### What to produce
Restate the listing below word for word; no picture is to be carried over.

### Provided material
##########

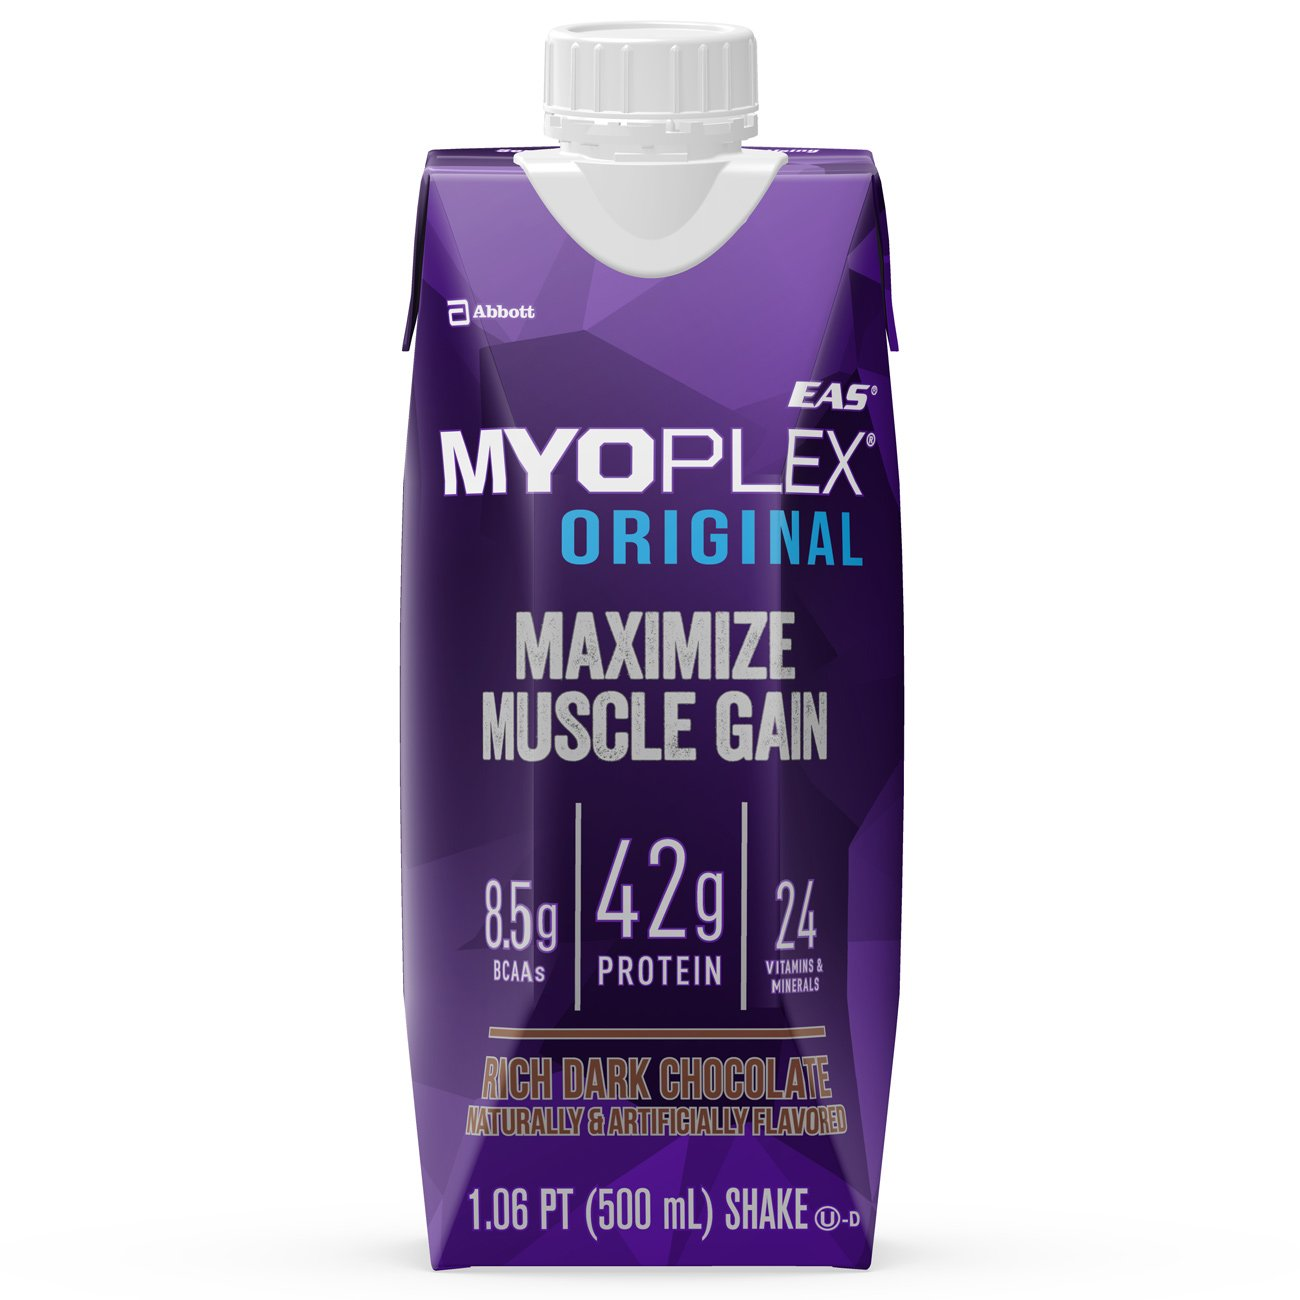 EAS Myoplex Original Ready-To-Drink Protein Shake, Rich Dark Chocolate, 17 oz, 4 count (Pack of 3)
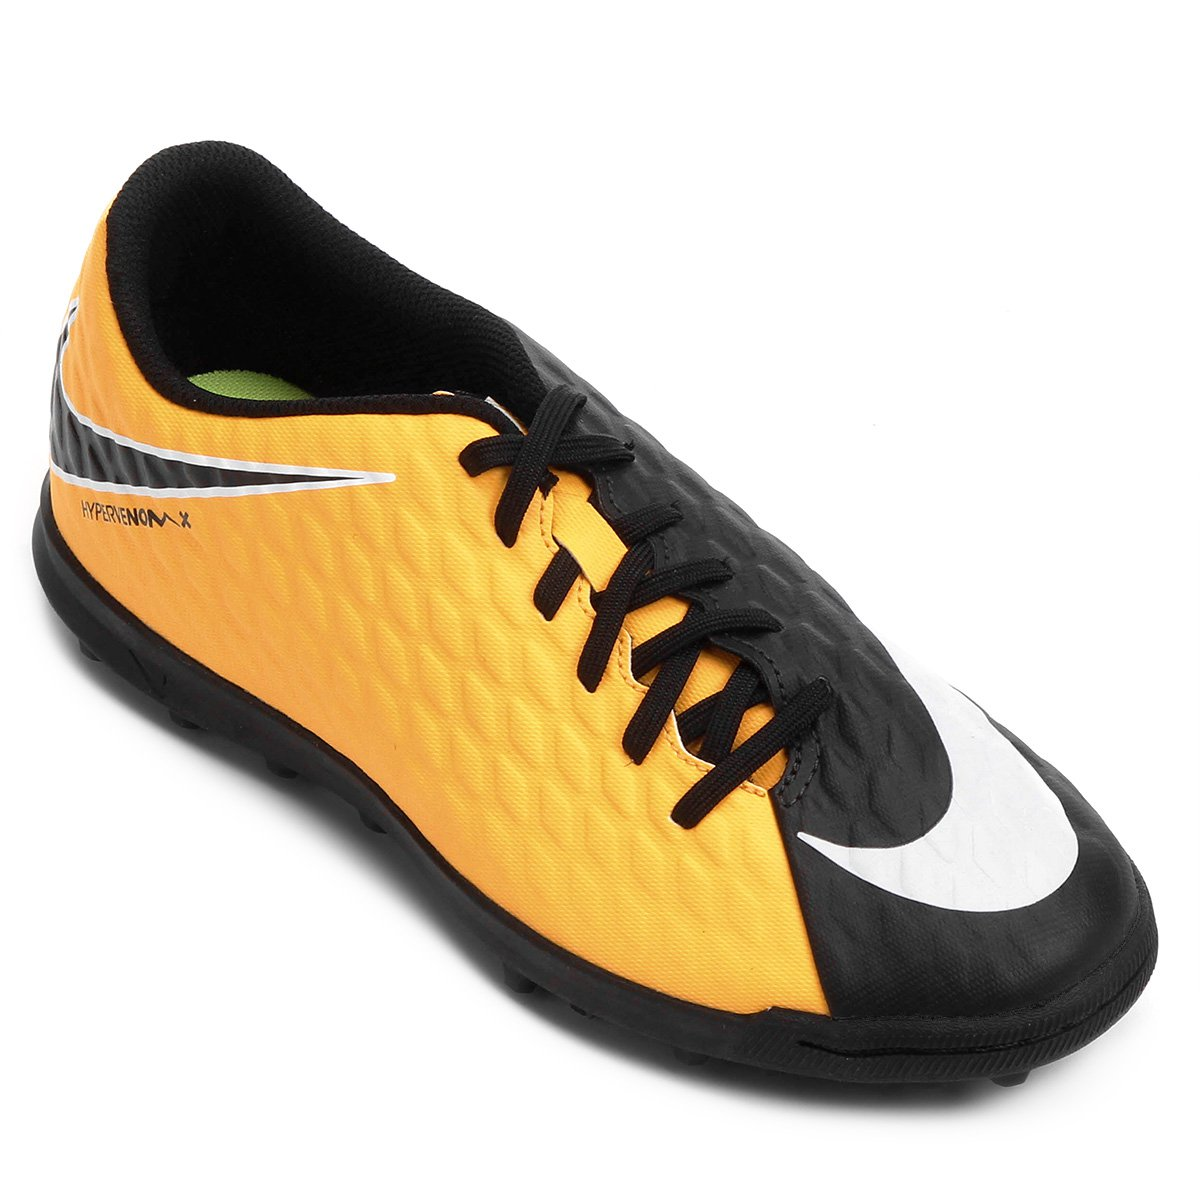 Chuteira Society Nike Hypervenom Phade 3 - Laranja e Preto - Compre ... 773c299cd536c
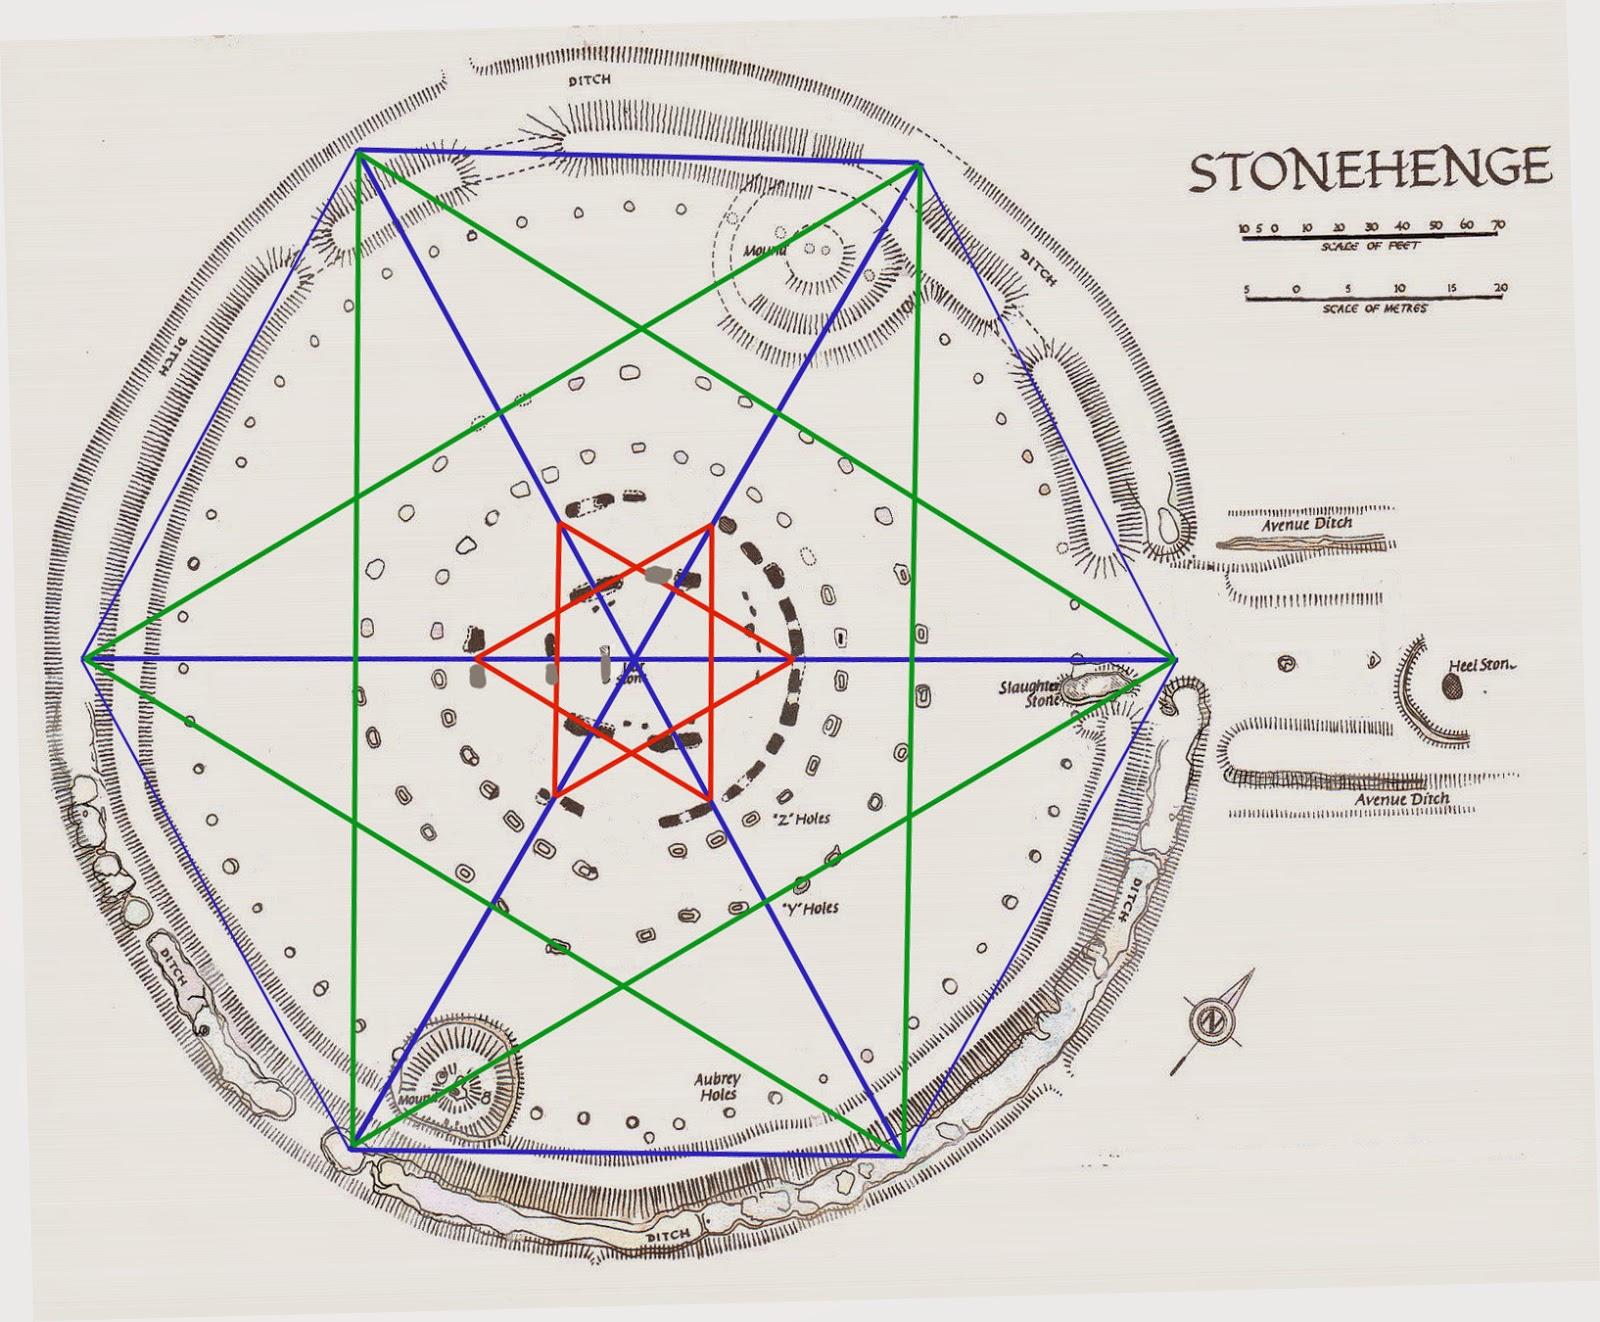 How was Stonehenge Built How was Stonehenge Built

##########

### Answer section
 EAS Myoplex Original Ready-To-Drink Protein Shake, Rich Dark Chocolate, 17 oz, 4 count (Pack of 3)
 Chuteira Society Nike Hypervenom Phade 3 - Laranja e Preto - Compre ... 773c299cd536c
 How was Stonehenge Built How was Stonehenge Built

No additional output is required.